On 16-03-03 12:48 PM, Jesper Dangaard Brouer wrote:
On Thu, 3 Mar 2016 10:12:27 -0800
Alexei Starovoitov <alexei.starovoitov@...> wrote:

On Thu, Mar 3, 2016 at 1:57 AM, Jesper Dangaard Brouer via iovisor-dev
<iovisor-dev@...> wrote:
On Wed, 2 Mar 2016 22:28:42 -0800
Brenden Blanco <bblanco@...> wrote:

Thanks all for joining today,

We had a very interesting session focused entirely on XDP (express data
path), a new initiative to improve packet processing performance in the
linux kernel. The details will best be covered by the slides, which I'll be
sure to bug Tom to get a copy of to share, so I won't make the situation
worse by sharing my possibly erroneous notes.

In a nutshell, the goal is to give the low level driver architecture of the
kernel some TLC, improving PPS and BPFifying it.

Some early prototypes are already in the works!
I'm doing my usual benchmark driven development. Which means I'm
currently benchmarking the lowest RX layer of the drivers and just
dropping packets inside the driver.

Current results from driver:mlx4 (40Gbits/s) indicate that interacting
with the page-allocator is costing us 30% overhead.

The performance goals are:
20M pps per-cpu drop rate
14M pps per-cpu forwarding rate
100Gbps per-cpu GRO
Driver: mlx4 early drop tests
- 6 Mpps => SKB drop (just calling dev_kfree_skb)
* (main overhead is first cache-miss on pkt-data hdr)
- 14.5 Mpps => Driver drop before SKB alloc, no-pkt-data touched
* main overhead 30% is page-allocator related
awesome. that's a great baseline.

- 20 Mpps => MAX bound, if removing all 30% page-alloc overhead
* this just upper possible bound... stop tuning when getting close to this

The mlx4 driver already implements it's own page-allocator-cache, but
does not do proper recycling. I want us to implement a more generic
page-allocator-cache that drivers can use, and that support recycling.
I think the next step here is to make mlx4 to recycle
pages and rx descriptors on its own. Later we can generalize it
into something that other drivers can use. Right now
I'd try to get to maximum possible drop rate with
minimal changes.
Yes, but we might as well start up with making the allocator hacks in
mlx4 more generic, when adding recycle. But still keep them locally in
that file.


Or, we're talking about benchmarking MLX4_EN_FLAG_RX_FILTER_NEEDED
That's the place where we plan to add XDP hook.
Almost.
I had some issue with benchmarking just before MLX4_EN_FLAG_RX_FILTER_NEEDED.

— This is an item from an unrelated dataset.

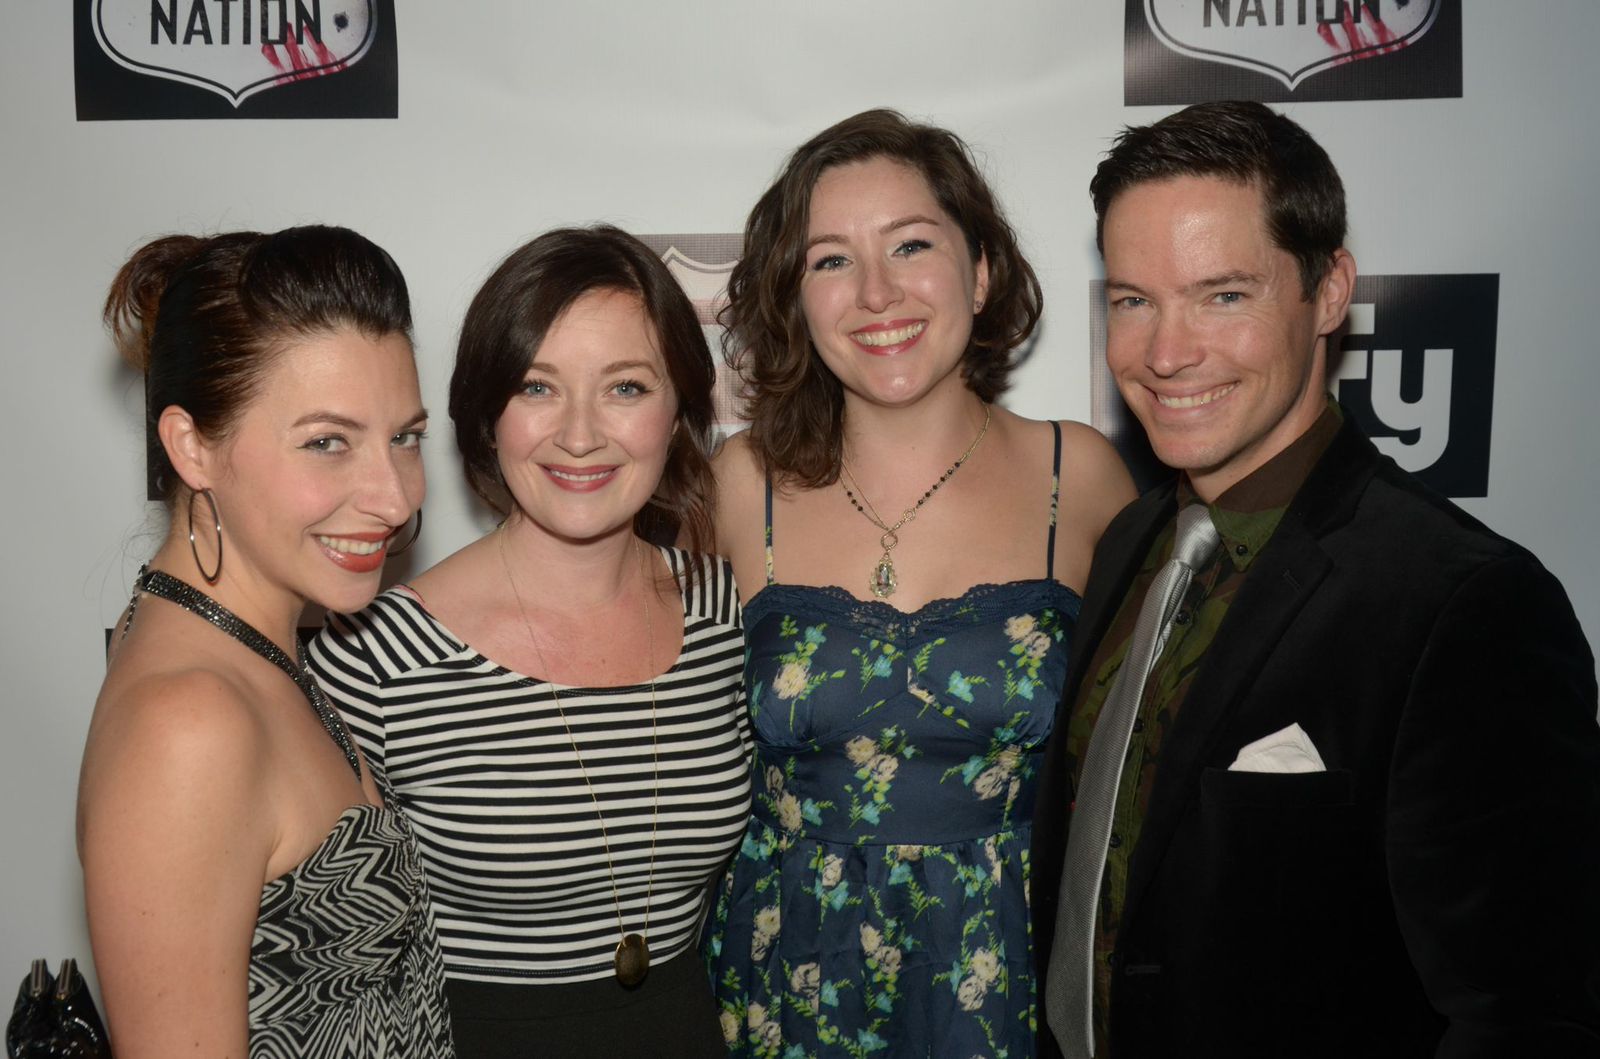 Angela DiMarco, Lisa Coronado (Dr. Merch), Wonder Russell, and David S. Hogan (Brother Eli) at the Z Nation Premiere Party.

I added a drop (via goto next;) just inside the statement:

if (dev->features & NETIF_F_GRO) {
goto next;
}

That allowed me some flexibility to enable/disable it easily.


Jesper, can you share 'perf report' ?
Its easiest to see with a FlameGraph:
http://people.netfilter.org/hawk/FlameGraph/mlx4_rx_drop_NAPI_force_on.svg

The problem with normal perf report output, is that page functions are
so "many", thus they look small percentage wise, but once you add them
up, they start to use a lot.

The "NAPI_force_on" in the name was a hack, where I forced it to never
exit softirq, but the performance didn't improve. It did made the perf
record more focused on what we want to look at.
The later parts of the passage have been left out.